Re: Support logical replication of DDLs - Mailing list pgsql-hackers

From Amit Kapila
Subject Re: Support logical replication of DDLs
Date
Msg-id CAA4eK1LPX71LzSye6ac-OOx6=wWq7U2PL-1tBf3zvncSko8Srw@mail.gmail.com
Whole thread Raw
In response to Re: Support logical replication of DDLs  ("Euler Taveira" <euler@eulerto.com>)
Responses Re: Support logical replication of DDLs
List pgsql-hackers
On Thu, Apr 14, 2022 at 7:45 PM Euler Taveira <euler@eulerto.com> wrote:
>
> You should forbid it.

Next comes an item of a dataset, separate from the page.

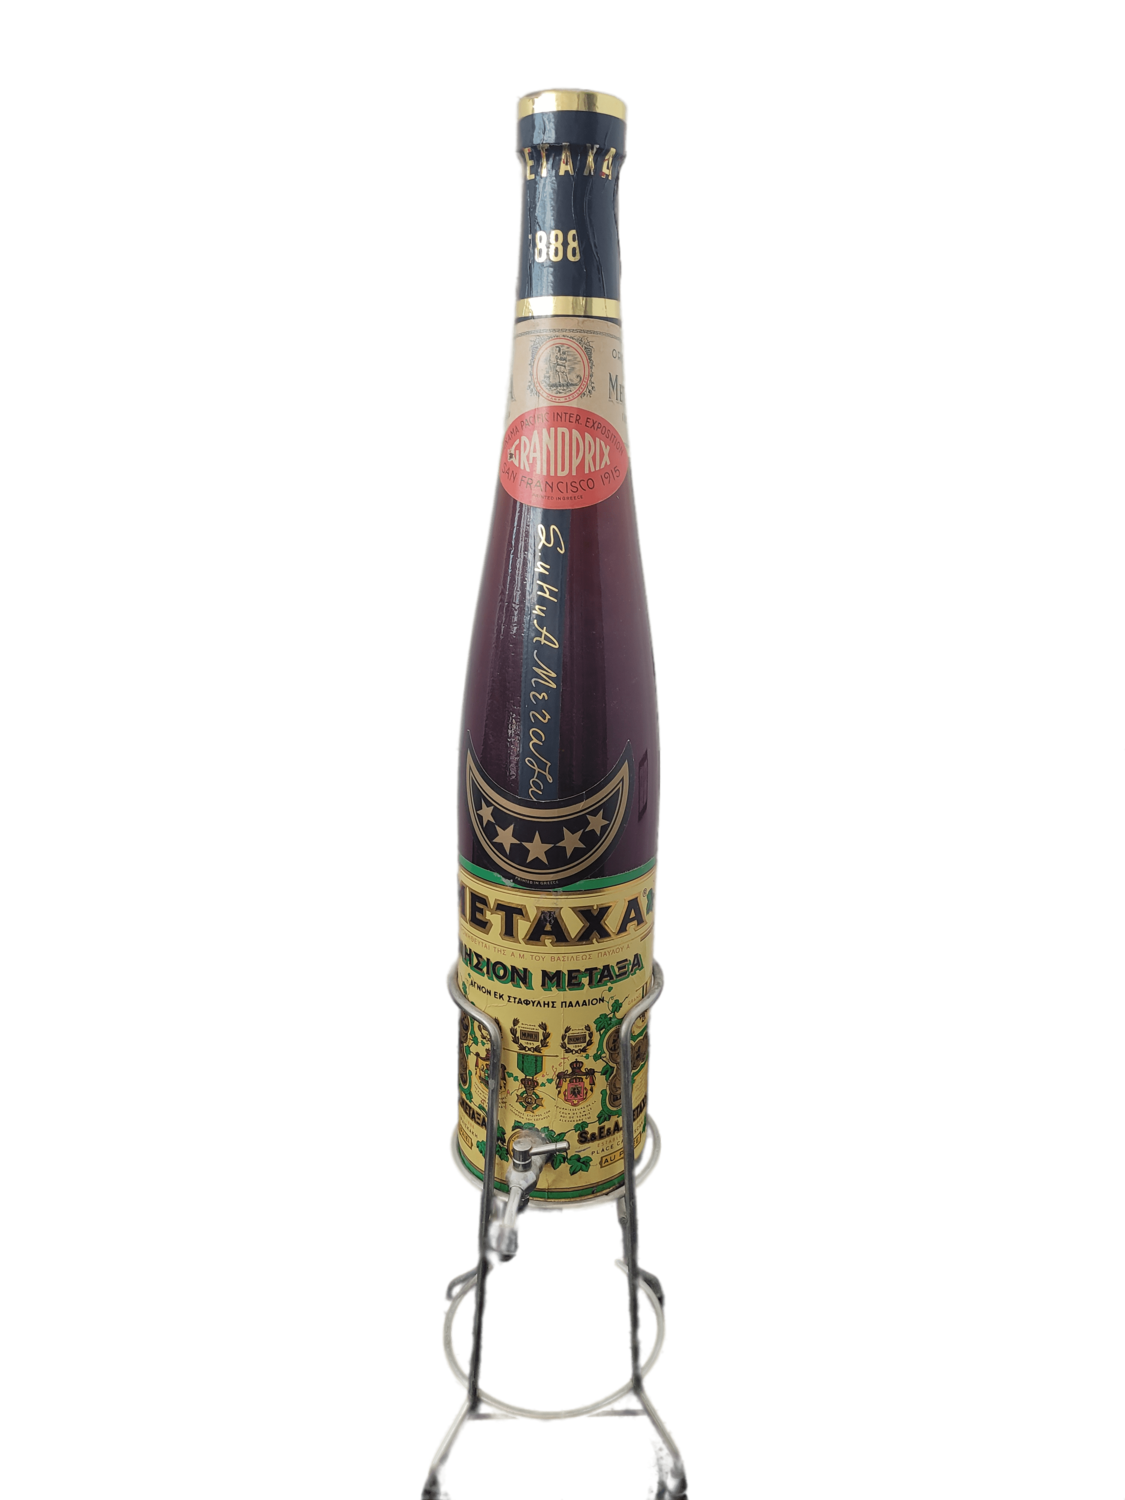 Metaxa 5 Sterne Griechenland 40% VOL. (1 x 3,0 ltr. Magnumflasche)  integrierter Zapfhahn in Flasche + Ständer - Flasche ca. '70er Jahre  (Lagerspuren vorhanden)

Unless you can decompose the command into multiple SQL
> commands to make it a safe operation for logical replication.
>
> Let's say you want to add a column with a volatile default.
>
> ALTER TABLE foo ADD COLUMN bar double precision DEFAULT random();
>
> If you replicate the DDL command as is, you will have different data
> downstream. You should forbid it. However, this operation can be supported if
> the DDL command is decomposed in multiple steps.
>
> -- add a new column without DEFAULT to avoid rewrite
> ALTER TABLE foo ADD COLUMN bar double precision;
>
> -- future rows could use the DEFAULT expression
> -- it also doesn't rewrite the table
> ALTER TABLE foo ALTER COLUMN bar SET DEFAULT random();
>
> -- it effectively rewrites the table
> -- all rows are built from one source node
> -- data will be the same on all nodes
> UPDATE foo SET bar = random();
>

While thinking about this, I see more to it than this. Say, we are
able to decompose/split the DDL command with the help of deparser, do
we want to update the additional rows on the subscriber that didn't
exist on the publisher? For example,

A table on the publisher side has rows:
ddl_test(foo)
a
----
1
2

The same table on the subscriber side has rows:
ddl_test(foo)
a
----
1
2
3
4

Now, say, the user has added a bar column with "ALTER TABLE foo ADD
COLUMN bar double precision NOT NULL DEFAULT random();" If we compare
with replication of DMLs like (UPDATE ddl_test SET bar = random();),
the replication won't update rows with values (3 and 4) on subscriber
as they don't exist on the publisher. However, if we follow the same
here for DDL replication of Alter, it will fail because of NOT NULL
constraint. So, it seems we should update all the existing rows on the
subscriber to make replication of such constraints successful. It
seems that IBM's replication solution allows replication of such DDLs
and does update all existing rows on the target table [1][2].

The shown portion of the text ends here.